» What needs to be done: Return the following from the records below: each line, word for word, starting with the line that contains "Botines Nike Hypervenom" and going on through the line that contains "Studio Nicholson Skirt - White", with nothing outside that range.

-- Data for this task follows --

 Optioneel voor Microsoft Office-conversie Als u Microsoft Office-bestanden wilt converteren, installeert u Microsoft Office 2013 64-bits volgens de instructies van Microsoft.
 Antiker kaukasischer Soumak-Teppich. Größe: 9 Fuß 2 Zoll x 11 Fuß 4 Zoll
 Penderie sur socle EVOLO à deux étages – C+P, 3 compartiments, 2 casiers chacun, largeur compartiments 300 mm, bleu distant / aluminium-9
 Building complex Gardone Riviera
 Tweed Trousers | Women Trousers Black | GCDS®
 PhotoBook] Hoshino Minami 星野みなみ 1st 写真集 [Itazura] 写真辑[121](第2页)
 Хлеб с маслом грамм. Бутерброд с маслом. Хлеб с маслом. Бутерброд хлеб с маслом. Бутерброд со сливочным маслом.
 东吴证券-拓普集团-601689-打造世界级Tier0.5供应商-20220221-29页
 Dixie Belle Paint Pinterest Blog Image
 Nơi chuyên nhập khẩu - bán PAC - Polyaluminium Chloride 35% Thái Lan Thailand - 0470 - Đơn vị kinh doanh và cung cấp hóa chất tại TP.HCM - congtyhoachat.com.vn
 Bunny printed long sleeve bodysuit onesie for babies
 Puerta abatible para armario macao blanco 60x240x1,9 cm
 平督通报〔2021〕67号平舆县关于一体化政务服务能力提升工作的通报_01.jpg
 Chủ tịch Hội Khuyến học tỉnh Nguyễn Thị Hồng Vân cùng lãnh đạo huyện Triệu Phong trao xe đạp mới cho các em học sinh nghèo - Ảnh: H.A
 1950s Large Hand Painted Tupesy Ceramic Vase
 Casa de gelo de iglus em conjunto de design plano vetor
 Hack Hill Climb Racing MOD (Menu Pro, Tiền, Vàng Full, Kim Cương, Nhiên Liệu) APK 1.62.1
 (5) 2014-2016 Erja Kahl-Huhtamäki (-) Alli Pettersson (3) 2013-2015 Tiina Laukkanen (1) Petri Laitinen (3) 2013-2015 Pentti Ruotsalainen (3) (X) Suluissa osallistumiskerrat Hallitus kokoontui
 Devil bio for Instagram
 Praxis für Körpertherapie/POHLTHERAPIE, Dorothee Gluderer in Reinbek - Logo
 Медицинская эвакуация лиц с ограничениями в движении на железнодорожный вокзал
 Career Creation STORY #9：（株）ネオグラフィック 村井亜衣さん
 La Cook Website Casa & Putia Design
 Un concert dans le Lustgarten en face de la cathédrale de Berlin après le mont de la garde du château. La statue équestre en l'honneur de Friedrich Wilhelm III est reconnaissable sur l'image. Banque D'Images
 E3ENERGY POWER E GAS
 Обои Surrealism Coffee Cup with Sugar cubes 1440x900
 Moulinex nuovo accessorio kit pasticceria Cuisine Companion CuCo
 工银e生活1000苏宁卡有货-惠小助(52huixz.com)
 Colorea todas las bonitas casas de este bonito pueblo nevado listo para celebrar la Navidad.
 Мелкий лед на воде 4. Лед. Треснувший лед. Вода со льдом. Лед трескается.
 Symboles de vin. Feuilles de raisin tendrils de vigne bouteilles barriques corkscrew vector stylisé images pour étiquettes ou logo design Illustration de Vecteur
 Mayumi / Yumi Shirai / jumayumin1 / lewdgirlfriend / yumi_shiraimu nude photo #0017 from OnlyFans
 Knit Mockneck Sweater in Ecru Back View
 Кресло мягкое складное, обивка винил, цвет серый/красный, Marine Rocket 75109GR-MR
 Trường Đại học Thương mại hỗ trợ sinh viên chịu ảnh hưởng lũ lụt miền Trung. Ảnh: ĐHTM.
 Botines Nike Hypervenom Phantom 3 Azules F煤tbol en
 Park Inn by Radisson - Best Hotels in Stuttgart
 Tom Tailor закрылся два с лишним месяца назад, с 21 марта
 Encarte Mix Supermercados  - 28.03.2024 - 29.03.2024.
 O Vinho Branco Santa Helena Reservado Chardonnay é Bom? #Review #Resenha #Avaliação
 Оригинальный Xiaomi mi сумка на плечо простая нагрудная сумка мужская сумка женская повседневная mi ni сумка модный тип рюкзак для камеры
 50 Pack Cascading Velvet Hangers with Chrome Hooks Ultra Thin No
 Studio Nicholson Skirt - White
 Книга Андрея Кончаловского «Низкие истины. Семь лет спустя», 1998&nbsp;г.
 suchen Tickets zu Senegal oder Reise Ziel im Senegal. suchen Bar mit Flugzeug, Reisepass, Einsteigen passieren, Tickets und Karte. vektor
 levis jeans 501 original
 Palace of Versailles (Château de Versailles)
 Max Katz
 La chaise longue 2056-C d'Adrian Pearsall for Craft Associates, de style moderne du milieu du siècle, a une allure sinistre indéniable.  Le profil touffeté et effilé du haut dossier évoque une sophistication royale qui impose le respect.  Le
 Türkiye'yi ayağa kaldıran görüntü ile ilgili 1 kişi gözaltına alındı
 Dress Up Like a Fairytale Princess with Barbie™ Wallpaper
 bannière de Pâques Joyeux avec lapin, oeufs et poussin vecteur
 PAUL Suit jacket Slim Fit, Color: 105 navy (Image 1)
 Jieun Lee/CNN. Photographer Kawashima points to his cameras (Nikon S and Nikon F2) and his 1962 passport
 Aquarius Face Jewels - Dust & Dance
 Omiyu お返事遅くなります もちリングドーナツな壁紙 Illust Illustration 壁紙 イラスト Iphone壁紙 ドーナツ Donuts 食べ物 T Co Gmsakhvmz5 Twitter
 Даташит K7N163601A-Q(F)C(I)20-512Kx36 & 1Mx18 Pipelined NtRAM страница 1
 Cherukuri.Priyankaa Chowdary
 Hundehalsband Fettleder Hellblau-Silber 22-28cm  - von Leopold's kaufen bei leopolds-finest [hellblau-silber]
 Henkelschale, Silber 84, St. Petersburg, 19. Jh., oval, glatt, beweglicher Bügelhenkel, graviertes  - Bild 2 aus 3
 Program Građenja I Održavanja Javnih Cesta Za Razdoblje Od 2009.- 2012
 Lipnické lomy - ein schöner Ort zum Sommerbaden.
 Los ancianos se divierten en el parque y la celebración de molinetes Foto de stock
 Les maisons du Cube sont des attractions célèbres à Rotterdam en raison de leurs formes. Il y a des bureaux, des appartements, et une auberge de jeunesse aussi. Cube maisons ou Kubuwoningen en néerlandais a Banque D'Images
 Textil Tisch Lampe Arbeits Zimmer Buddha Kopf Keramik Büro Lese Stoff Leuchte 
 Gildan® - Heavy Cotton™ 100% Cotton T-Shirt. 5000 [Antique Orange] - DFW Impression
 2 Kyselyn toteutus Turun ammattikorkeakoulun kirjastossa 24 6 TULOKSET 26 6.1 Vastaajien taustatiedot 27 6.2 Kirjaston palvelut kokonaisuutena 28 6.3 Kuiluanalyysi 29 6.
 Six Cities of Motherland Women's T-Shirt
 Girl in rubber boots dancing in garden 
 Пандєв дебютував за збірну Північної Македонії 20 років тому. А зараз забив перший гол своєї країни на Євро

-- Data for this task concluded --

» Written answer:
 Botines Nike Hypervenom Phantom 3 Azules F煤tbol en
 Park Inn by Radisson - Best Hotels in Stuttgart
 Tom Tailor закрылся два с лишним месяца назад, с 21 марта
 Encarte Mix Supermercados  - 28.03.2024 - 29.03.2024.
 O Vinho Branco Santa Helena Reservado Chardonnay é Bom? #Review #Resenha #Avaliação
 Оригинальный Xiaomi mi сумка на плечо простая нагрудная сумка мужская сумка женская повседневная mi ni сумка модный тип рюкзак для камеры
 50 Pack Cascading Velvet Hangers with Chrome Hooks Ultra Thin No
 Studio Nicholson Skirt - White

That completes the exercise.